▶ [What the task asks]: Give back the data below exactly as it was given.

▶ [Provided data]:
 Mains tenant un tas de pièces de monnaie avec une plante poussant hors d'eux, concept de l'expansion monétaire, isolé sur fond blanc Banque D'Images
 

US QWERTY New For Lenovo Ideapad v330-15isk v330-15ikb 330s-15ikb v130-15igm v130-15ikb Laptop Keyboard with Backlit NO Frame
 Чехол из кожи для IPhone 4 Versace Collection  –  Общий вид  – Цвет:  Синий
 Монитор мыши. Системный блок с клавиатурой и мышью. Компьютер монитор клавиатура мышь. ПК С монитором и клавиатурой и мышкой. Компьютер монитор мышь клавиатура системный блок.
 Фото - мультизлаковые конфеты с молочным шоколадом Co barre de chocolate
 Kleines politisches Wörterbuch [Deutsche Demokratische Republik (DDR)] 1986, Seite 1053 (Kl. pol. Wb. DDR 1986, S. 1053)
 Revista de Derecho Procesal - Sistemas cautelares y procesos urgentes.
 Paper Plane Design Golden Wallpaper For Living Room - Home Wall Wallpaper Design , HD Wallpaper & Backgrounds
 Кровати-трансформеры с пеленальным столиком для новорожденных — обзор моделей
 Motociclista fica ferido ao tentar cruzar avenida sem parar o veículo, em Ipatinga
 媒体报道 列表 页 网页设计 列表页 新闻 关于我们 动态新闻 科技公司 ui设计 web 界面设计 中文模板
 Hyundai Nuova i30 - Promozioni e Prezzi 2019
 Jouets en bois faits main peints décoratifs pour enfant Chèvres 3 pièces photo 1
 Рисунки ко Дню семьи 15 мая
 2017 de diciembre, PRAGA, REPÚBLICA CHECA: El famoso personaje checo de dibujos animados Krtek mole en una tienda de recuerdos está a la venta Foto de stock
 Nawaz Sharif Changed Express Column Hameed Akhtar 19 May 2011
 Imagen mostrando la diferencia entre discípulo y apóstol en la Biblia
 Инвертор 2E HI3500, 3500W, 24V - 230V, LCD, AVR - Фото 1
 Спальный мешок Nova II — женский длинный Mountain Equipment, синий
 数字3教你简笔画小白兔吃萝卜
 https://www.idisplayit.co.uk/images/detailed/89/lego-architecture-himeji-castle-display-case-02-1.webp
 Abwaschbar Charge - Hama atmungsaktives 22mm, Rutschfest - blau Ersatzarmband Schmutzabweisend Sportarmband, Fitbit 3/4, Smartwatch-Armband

▶ [Solution]:
 Mains tenant un tas de pièces de monnaie avec une plante poussant hors d'eux, concept de l'expansion monétaire, isolé sur fond blanc Banque D'Images
 

US QWERTY New For Lenovo Ideapad v330-15isk v330-15ikb 330s-15ikb v130-15igm v130-15ikb Laptop Keyboard with Backlit NO Frame
 Чехол из кожи для IPhone 4 Versace Collection  –  Общий вид  – Цвет:  Синий
 Монитор мыши. Системный блок с клавиатурой и мышью. Компьютер монитор клавиатура мышь. ПК С монитором и клавиатурой и мышкой. Компьютер монитор мышь клавиатура системный блок.
 Фото - мультизлаковые конфеты с молочным шоколадом Co barre de chocolate
 Kleines politisches Wörterbuch [Deutsche Demokratische Republik (DDR)] 1986, Seite 1053 (Kl. pol. Wb. DDR 1986, S. 1053)
 Revista de Derecho Procesal - Sistemas cautelares y procesos urgentes.
 Paper Plane Design Golden Wallpaper For Living Room - Home Wall Wallpaper Design , HD Wallpaper & Backgrounds
 Кровати-трансформеры с пеленальным столиком для новорожденных — обзор моделей
 Motociclista fica ferido ao tentar cruzar avenida sem parar o veículo, em Ipatinga
 媒体报道 列表 页 网页设计 列表页 新闻 关于我们 动态新闻 科技公司 ui设计 web 界面设计 中文模板
 Hyundai Nuova i30 - Promozioni e Prezzi 2019
 Jouets en bois faits main peints décoratifs pour enfant Chèvres 3 pièces photo 1
 Рисунки ко Дню семьи 15 мая
 2017 de diciembre, PRAGA, REPÚBLICA CHECA: El famoso personaje checo de dibujos animados Krtek mole en una tienda de recuerdos está a la venta Foto de stock
 Nawaz Sharif Changed Express Column Hameed Akhtar 19 May 2011
 Imagen mostrando la diferencia entre discípulo y apóstol en la Biblia
 Инвертор 2E HI3500, 3500W, 24V - 230V, LCD, AVR - Фото 1
 Спальный мешок Nova II — женский длинный Mountain Equipment, синий
 数字3教你简笔画小白兔吃萝卜
 https://www.idisplayit.co.uk/images/detailed/89/lego-architecture-himeji-castle-display-case-02-1.webp
 Abwaschbar Charge - Hama atmungsaktives 22mm, Rutschfest - blau Ersatzarmband Schmutzabweisend Sportarmband, Fitbit 3/4, Smartwatch-Armband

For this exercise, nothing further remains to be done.